But I was still a little worried about how mysterious he was. He'd always had that look of a man who could make me do anything he wanted—in his bed. I trembled.

"Why are you smiling like that?" Lala asked.

I shut down the screen and shoved my phone into my pocket. When I turned to look at her, she a box that looked as though it had seen better days. The top of it was covered in dust, and the sides had began rusting like it had been sitting in the rain.

"What's that?" Curiosity got the better of me.

"I'm not sure." She replied, setting it on the counter.

"Where'd you get it?"

"It was under grandma's bed." Lala replied.

Our grandmother had died a mere year before. Our parents had gotten over it instantly and rushed off to Milan for business. They hadn't come back once and had left Lala and I to go through our grandmother's things.
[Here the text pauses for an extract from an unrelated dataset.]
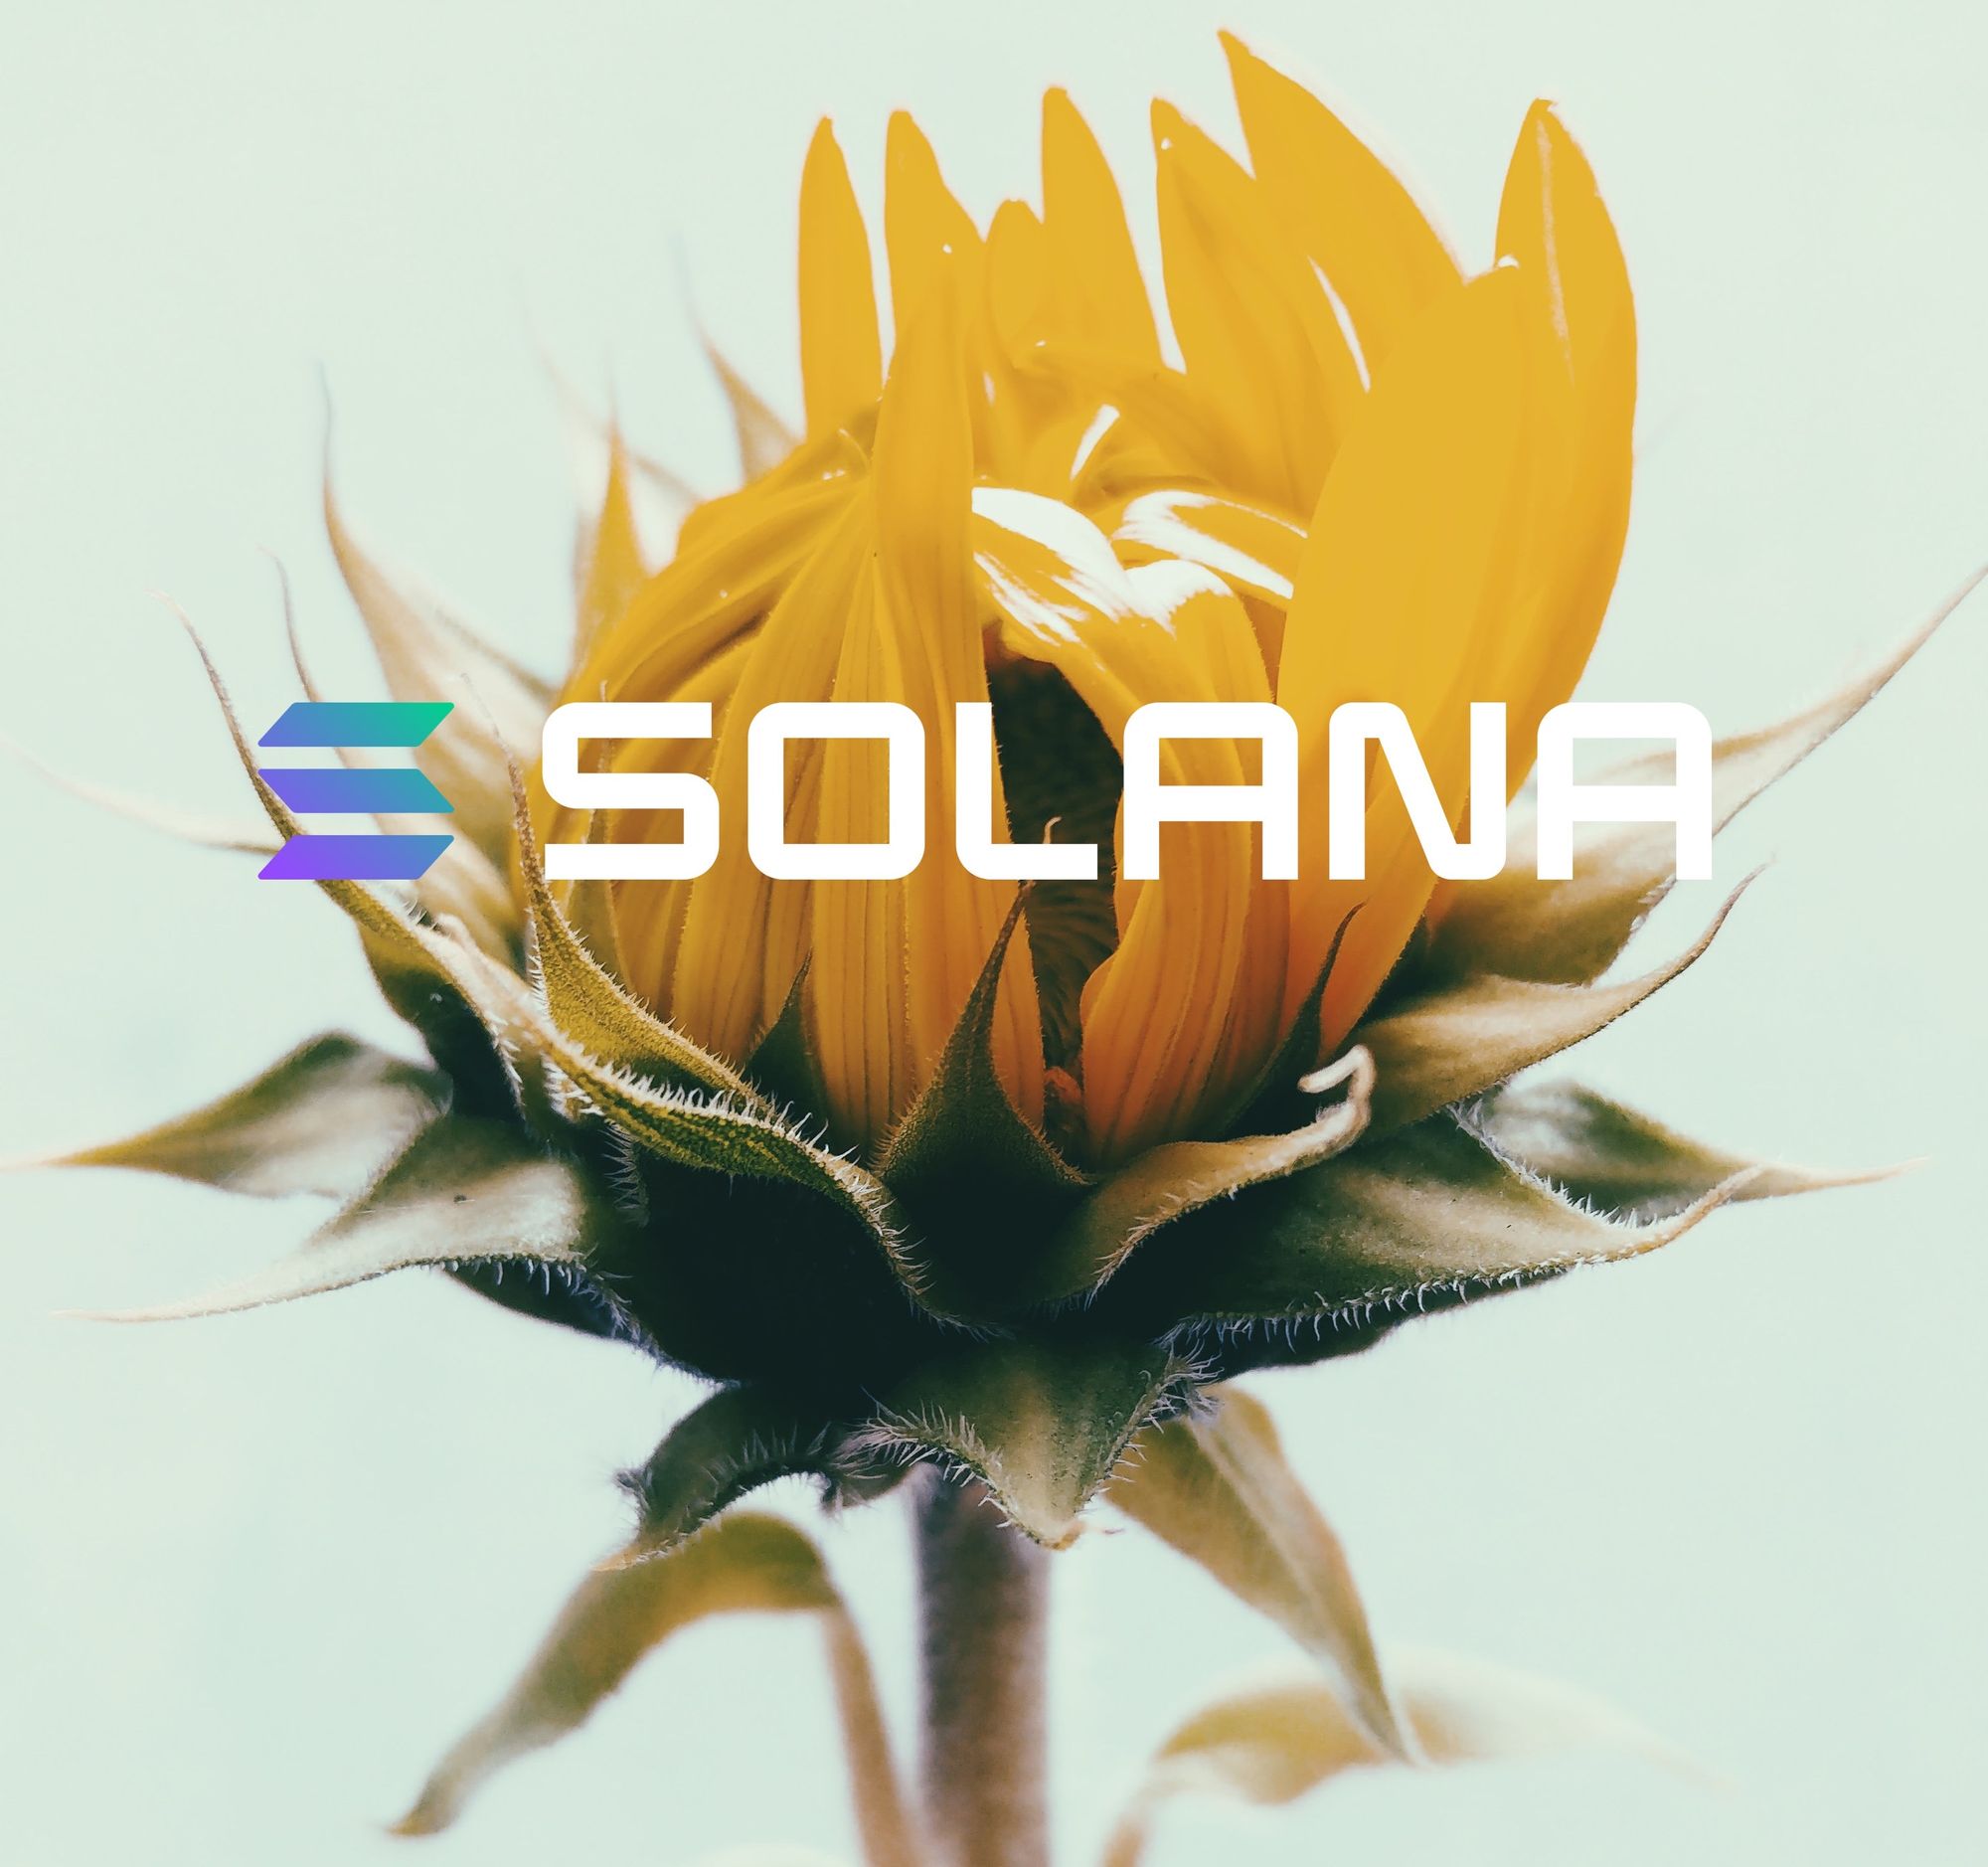 The Solana Scene

We'd gone through most of it. The last left was what little she kept in the bedroom.

"I think it needs a key." I told her while turning the box around to see all sides of it. "Or it could be rusted enough to take a hammer to it."

"We're going to have to try the hammer." Lala was distracted, inspecting the box. "We've backed everything. I don't want to have to unpack the boxes to find some key."

She rushed for the door. "Nong? Where are you going?"

"The garage, khrap."

She disappeared out the door and I wondered why our grandmother had a locked box under her bed. My parents—and by parents I meant my mother—didn't believe we should have secrets from each other. One night, when I was about five, my parents had a loud argument about some kind of secret my father had been keeping. I didn't hear all of it. The first part of the argument, I was asleep. The last part of it, I had a pillow pressed over my head wishing they'd keep it down so I could sleep.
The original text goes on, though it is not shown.